Source material -
= Beginning of Section =

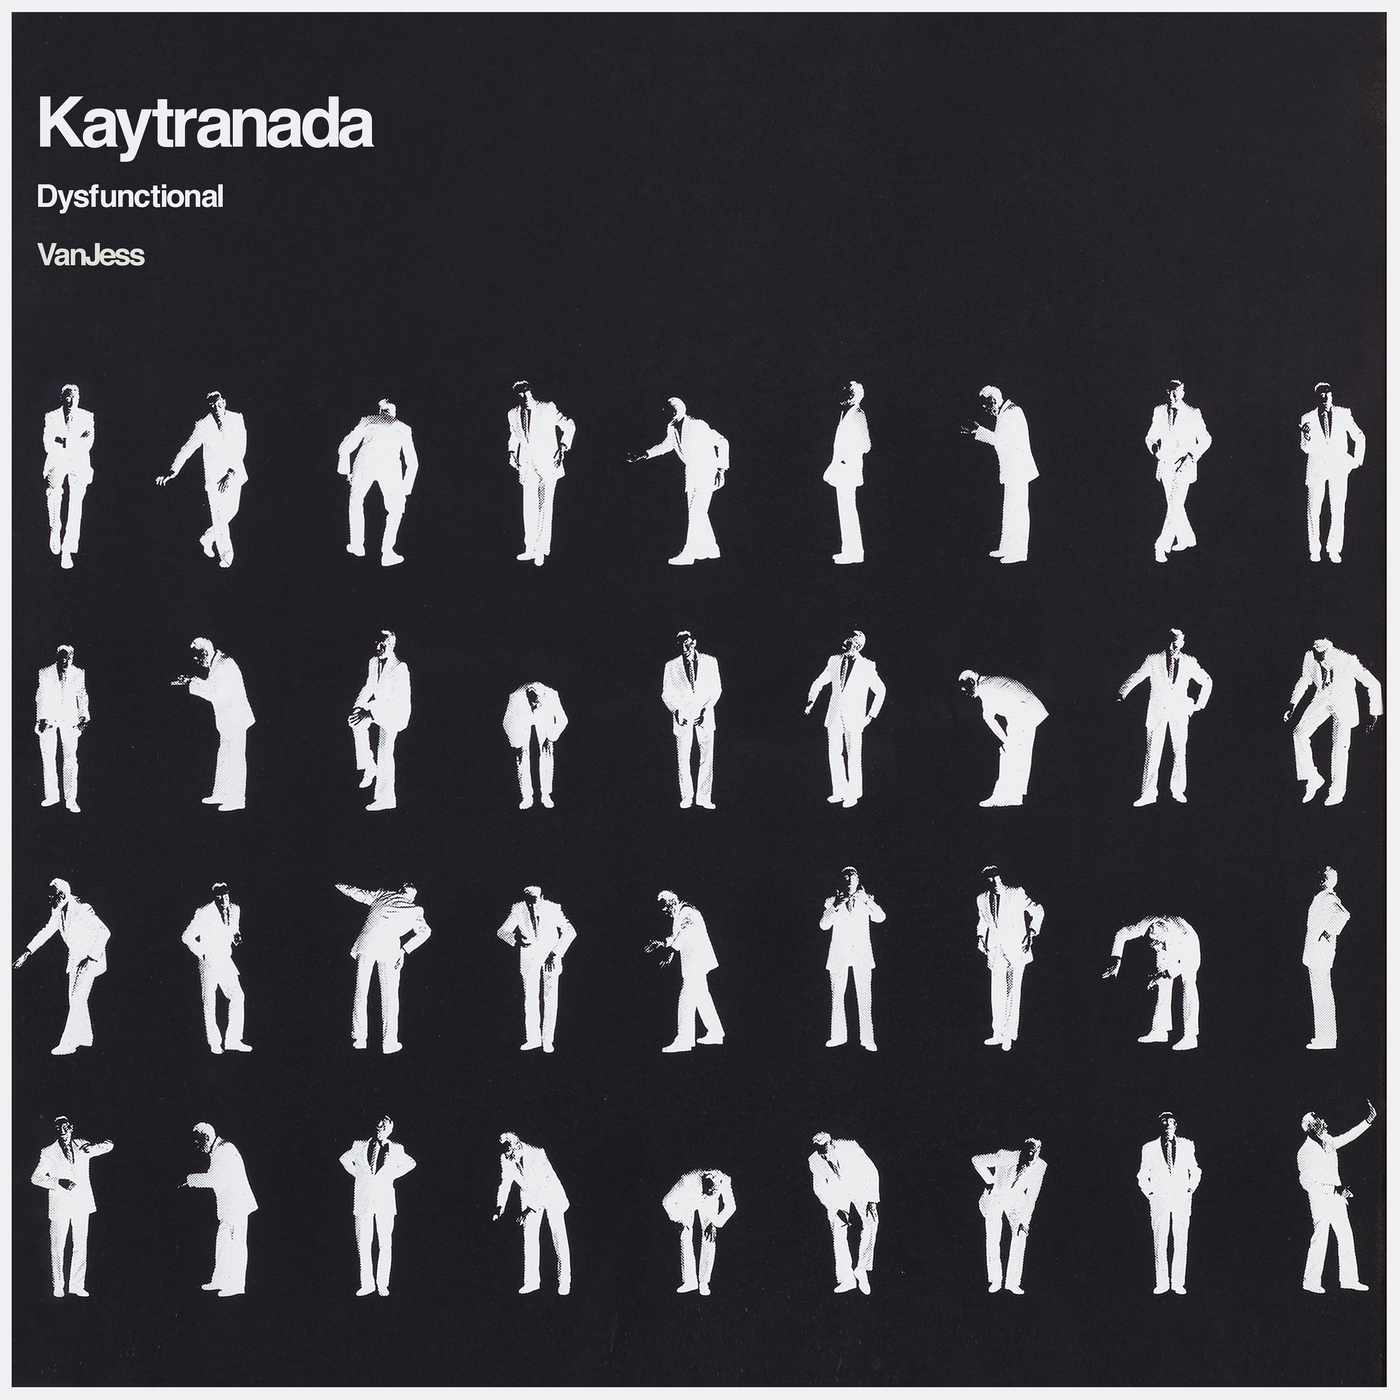 DYSFUNCTIONAL - KAYTRANADA
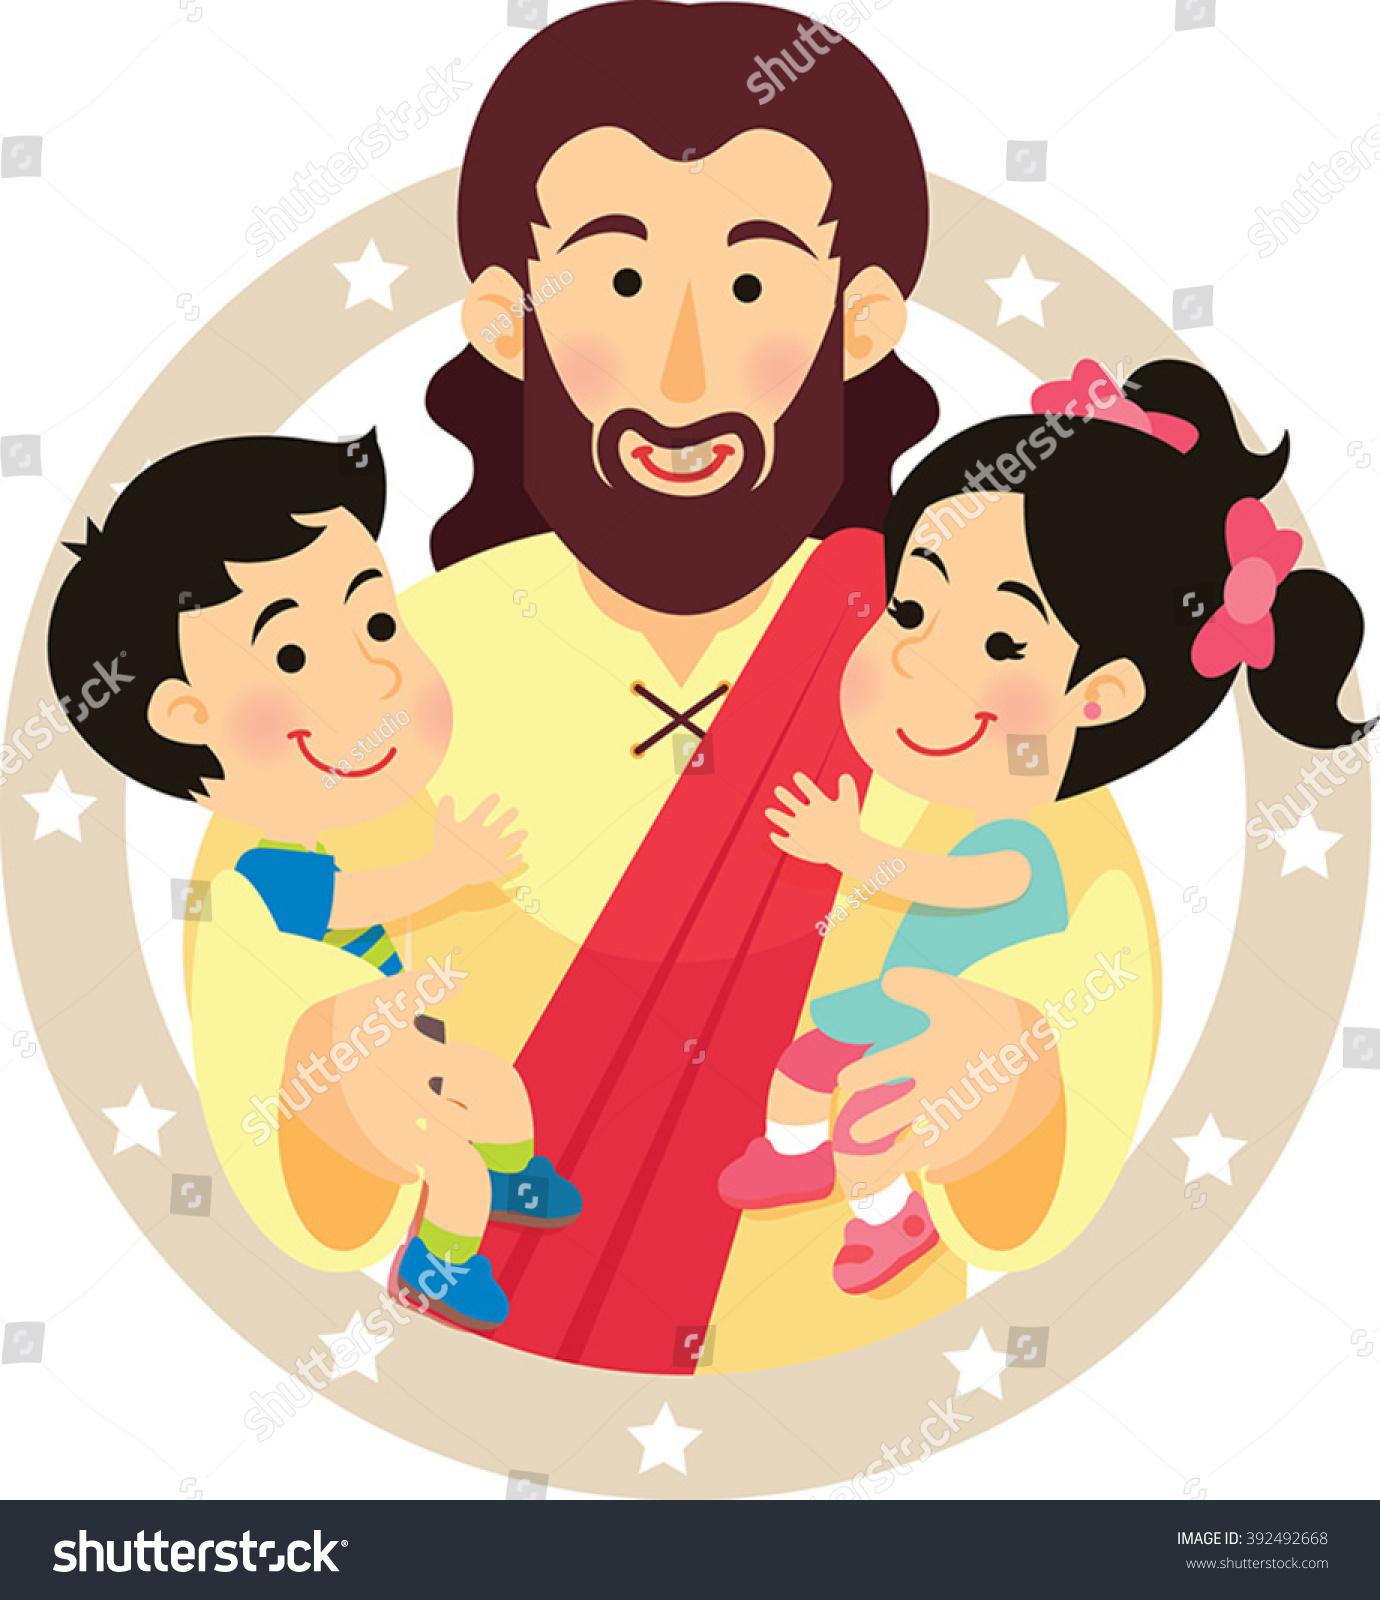 Jesus Love Children Stock Vector (Royalty Free) 392492668.
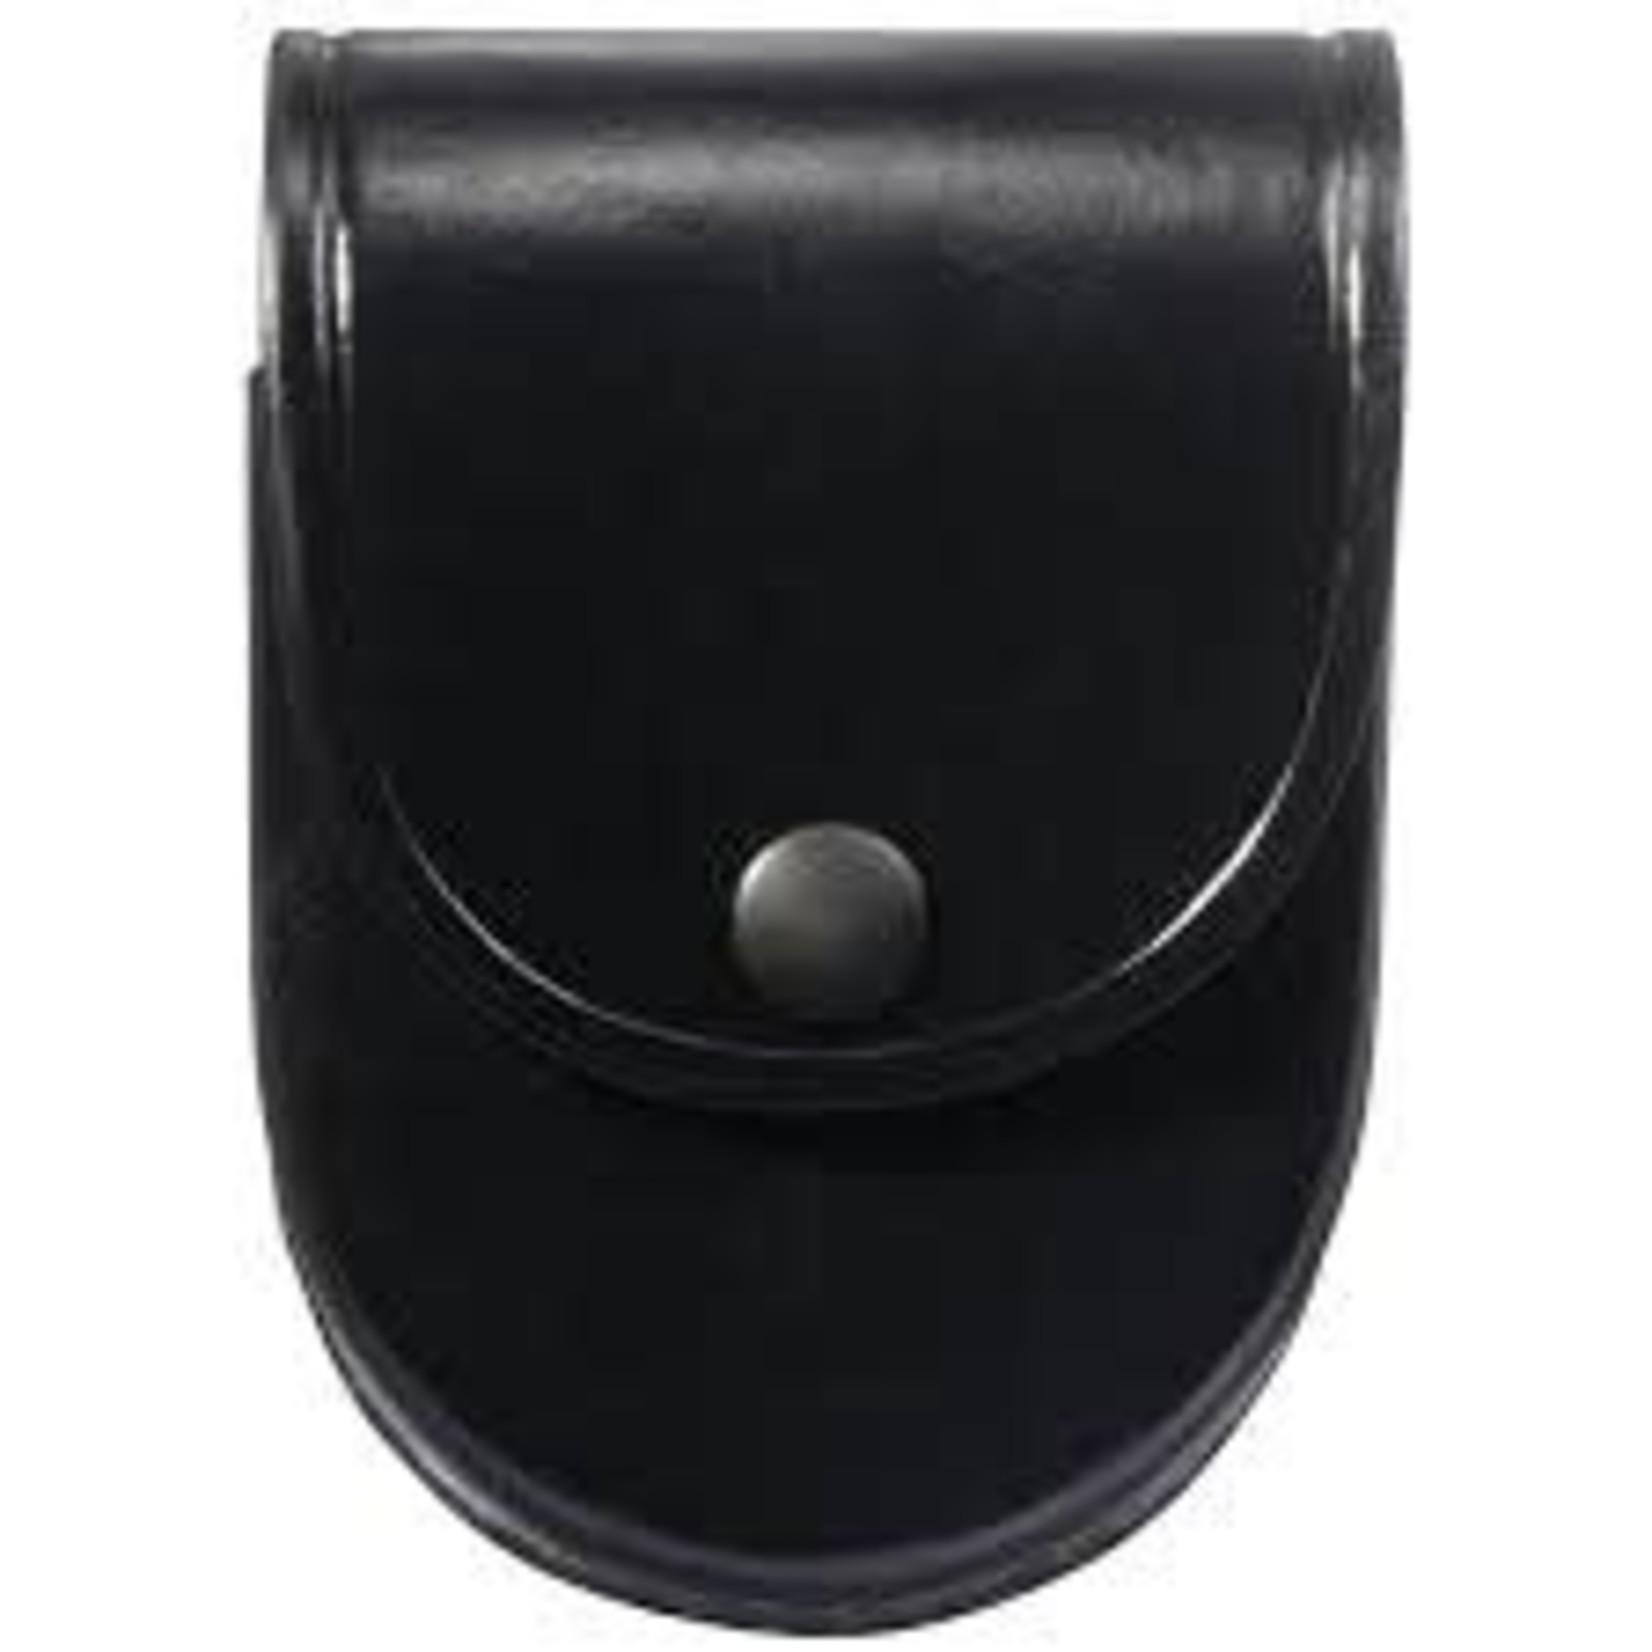 ASP ASP Centurion Handcuff Case

= End of Section =

Exercise prompt - Give back all the material exactly, with no pictures.

Task output -
 DYSFUNCTIONAL - KAYTRANADA
 Jesus Love Children Stock Vector (Royalty Free) 392492668.
 ASP ASP Centurion Handcuff Case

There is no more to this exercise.